*Dataset extract*.
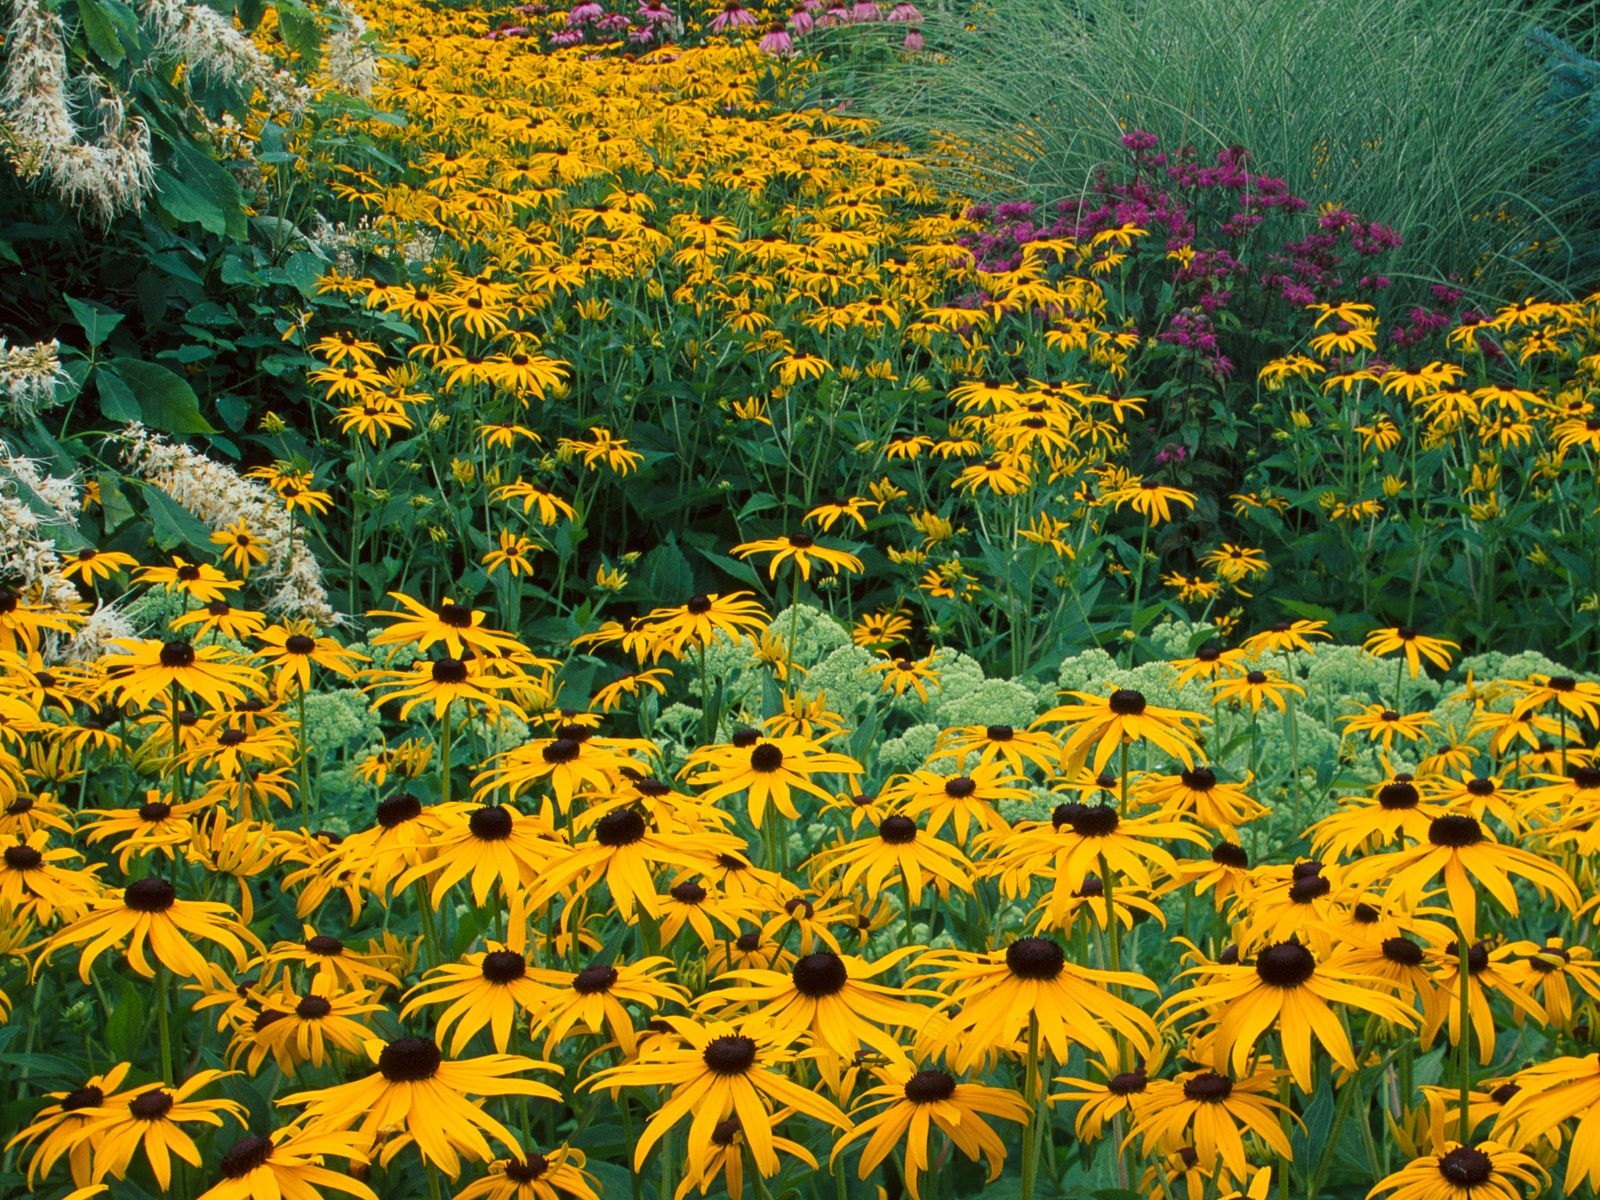 Black-eyed Susans, Holden Arboretum, Ohio
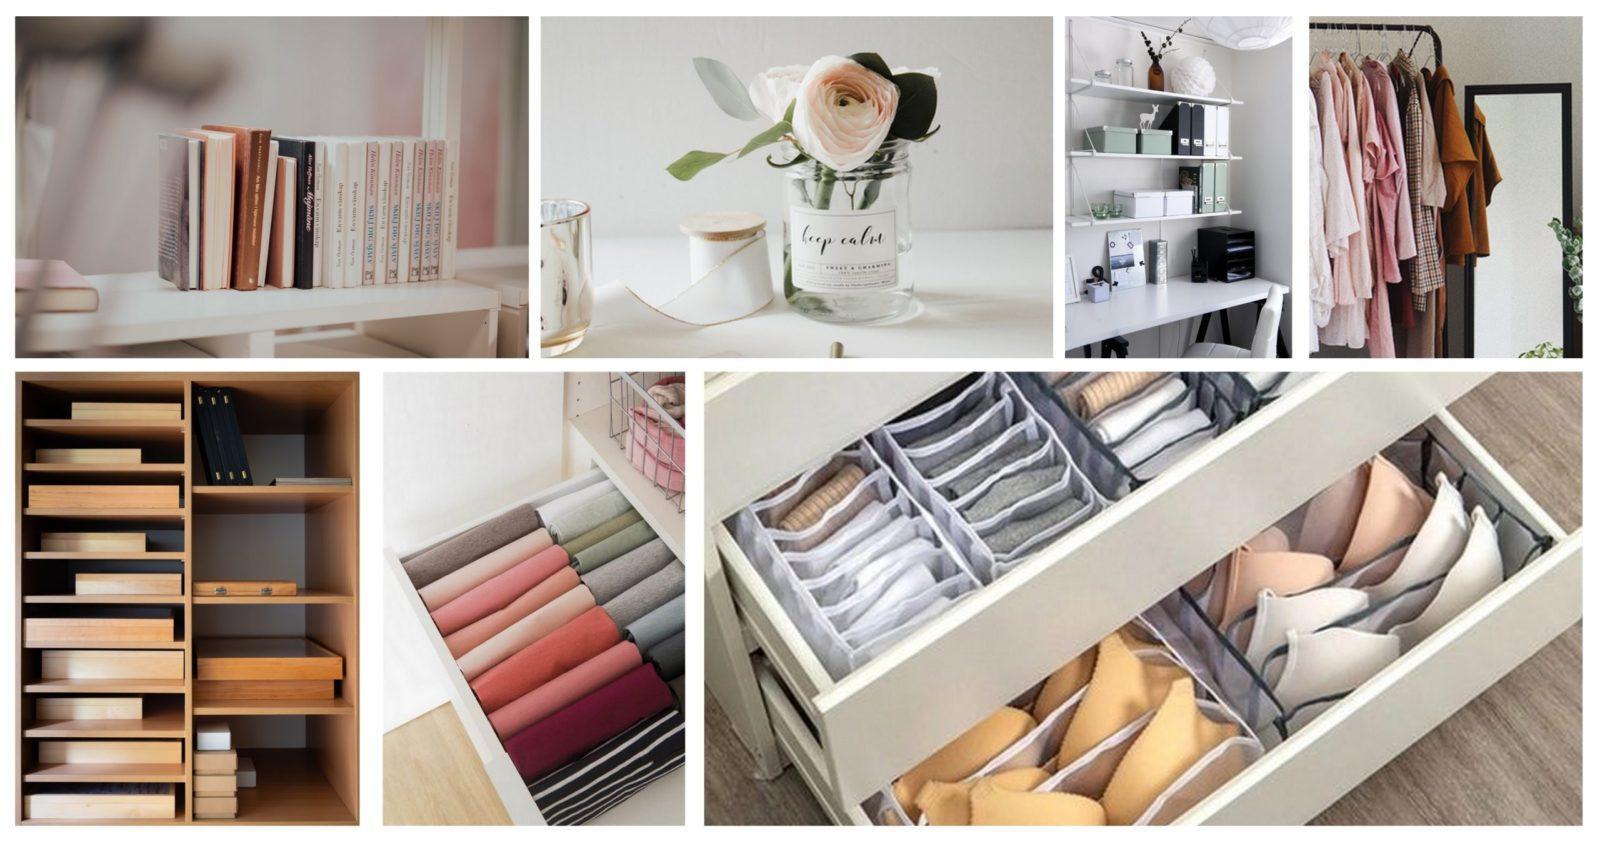 Galerie Images, Home Organiser, missions méthode KonMari
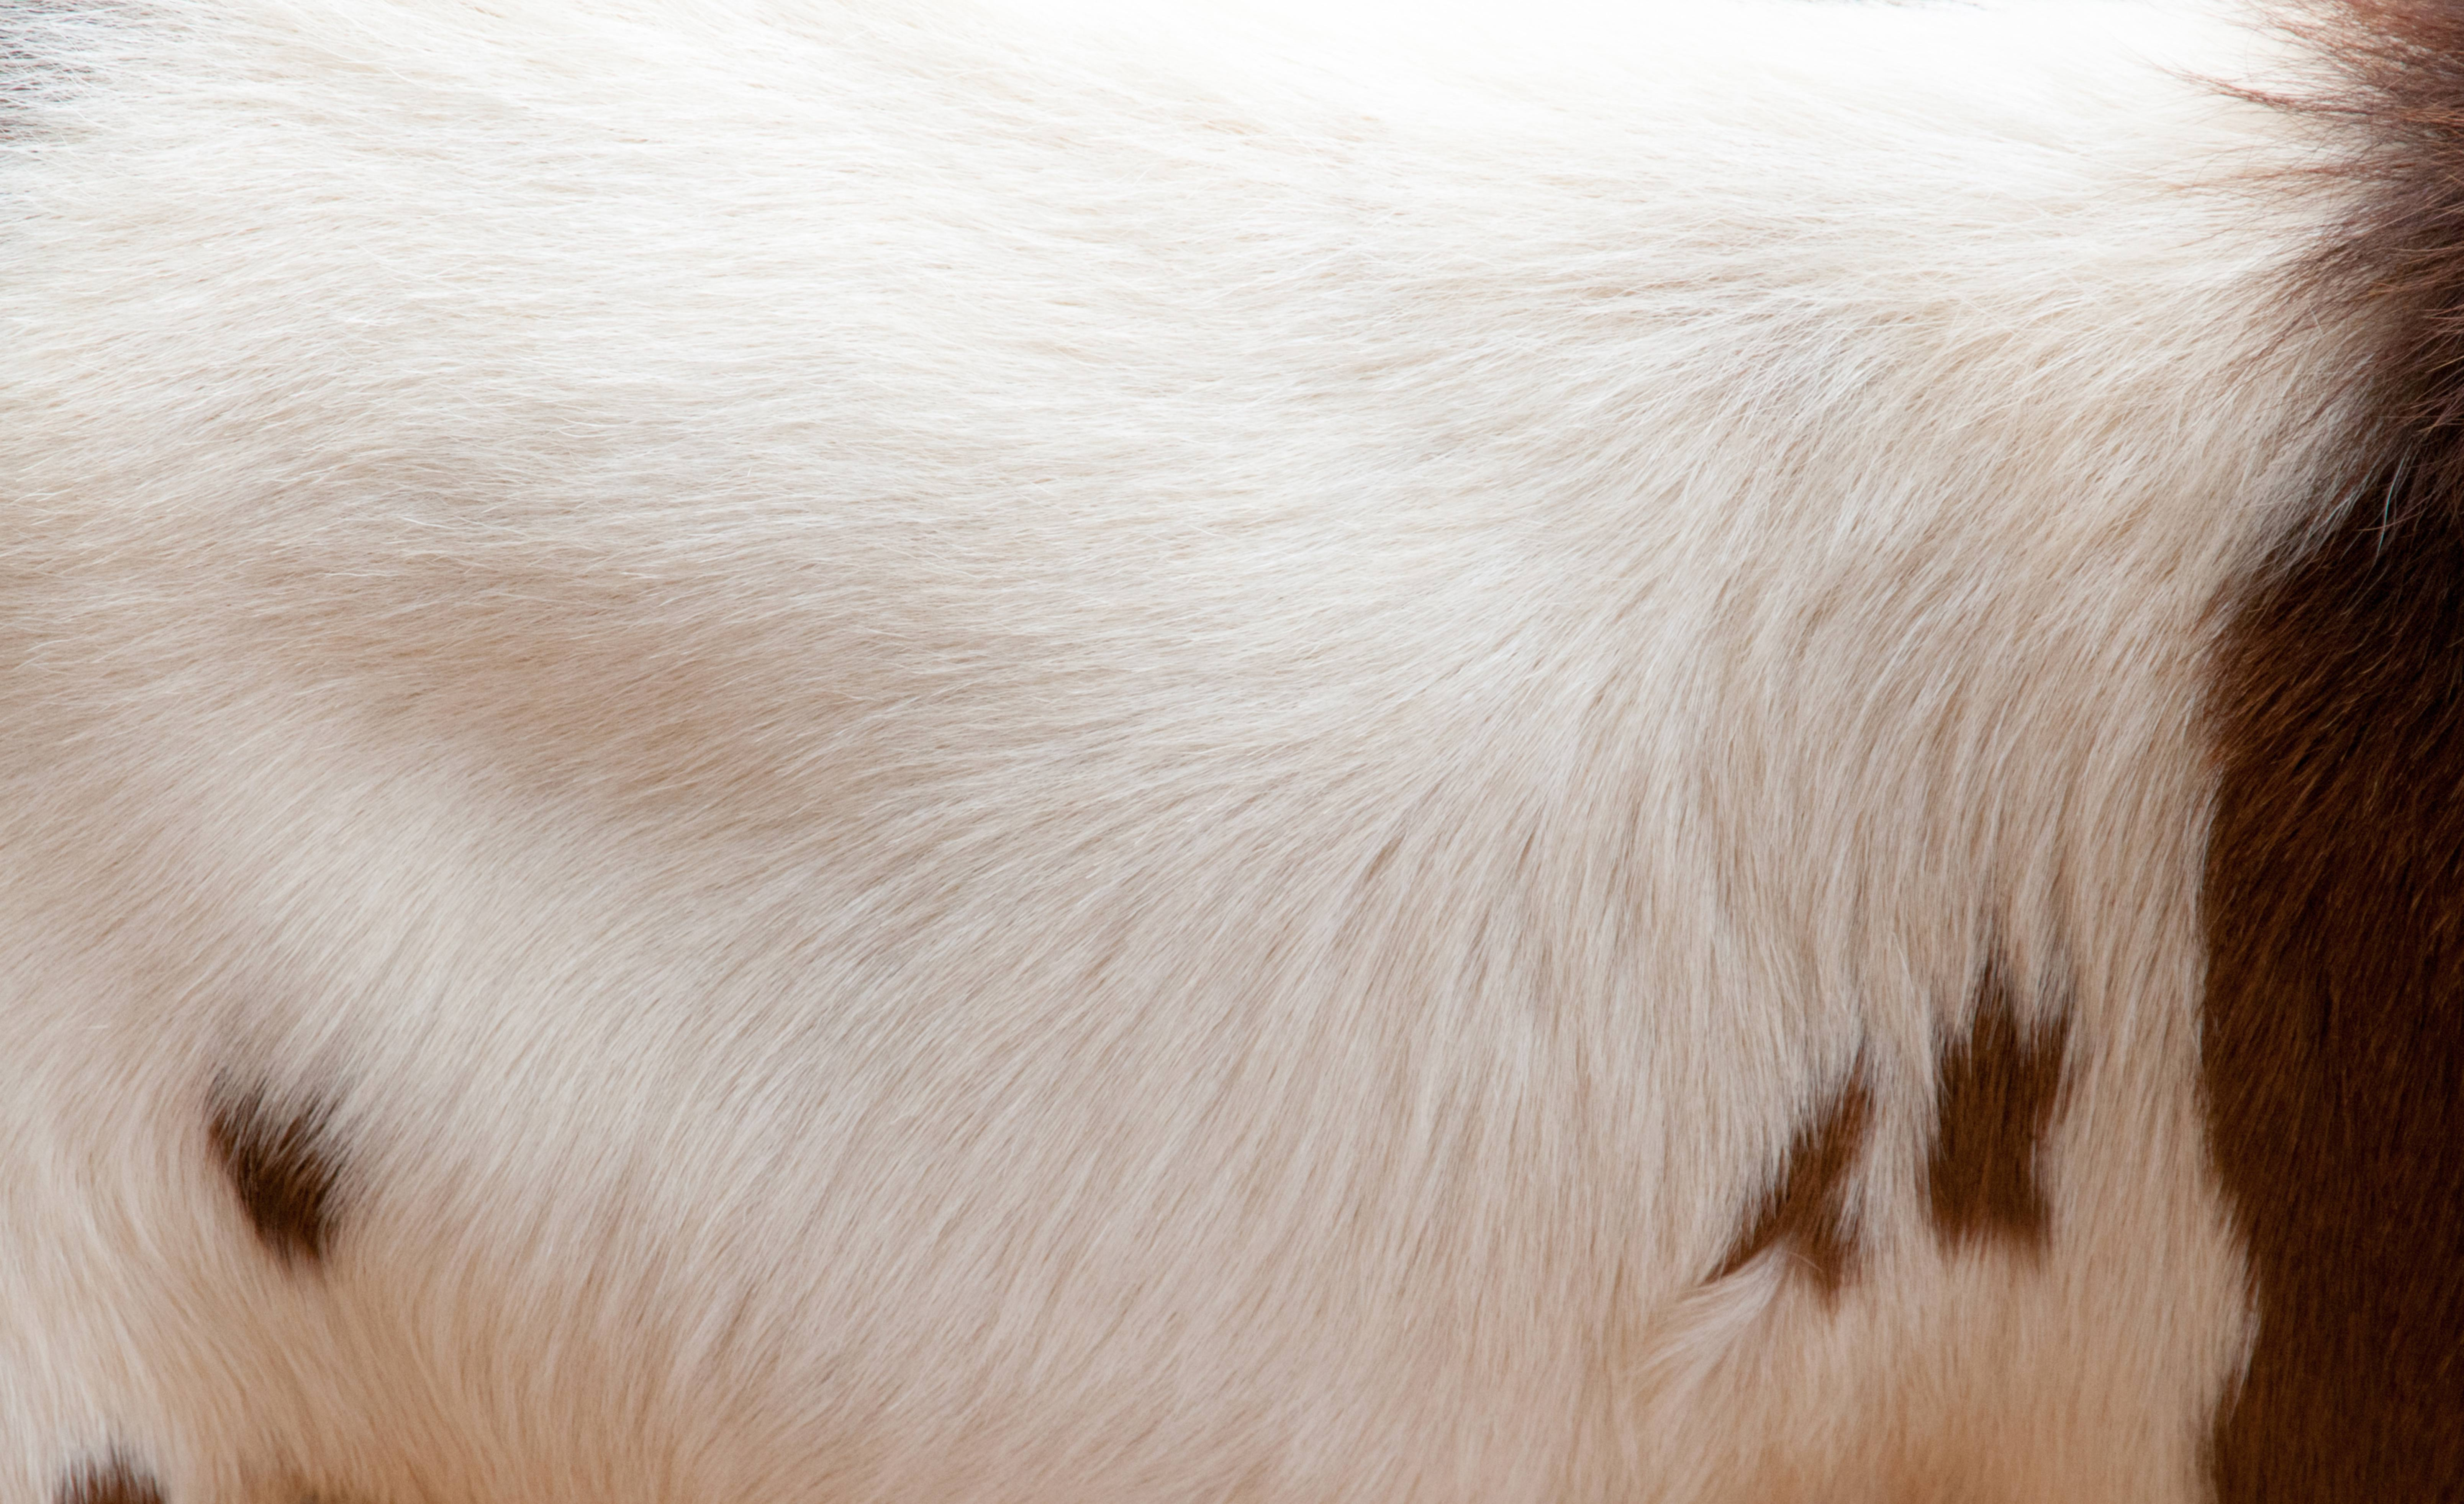 Brown Goat Fur Texture

*Instructions for the task*. Please print the data above once more, exactly and without images.

*Response area*.
 Black-eyed Susans, Holden Arboretum, Ohio
 Galerie Images, Home Organiser, missions méthode KonMari
 Brown Goat Fur Texture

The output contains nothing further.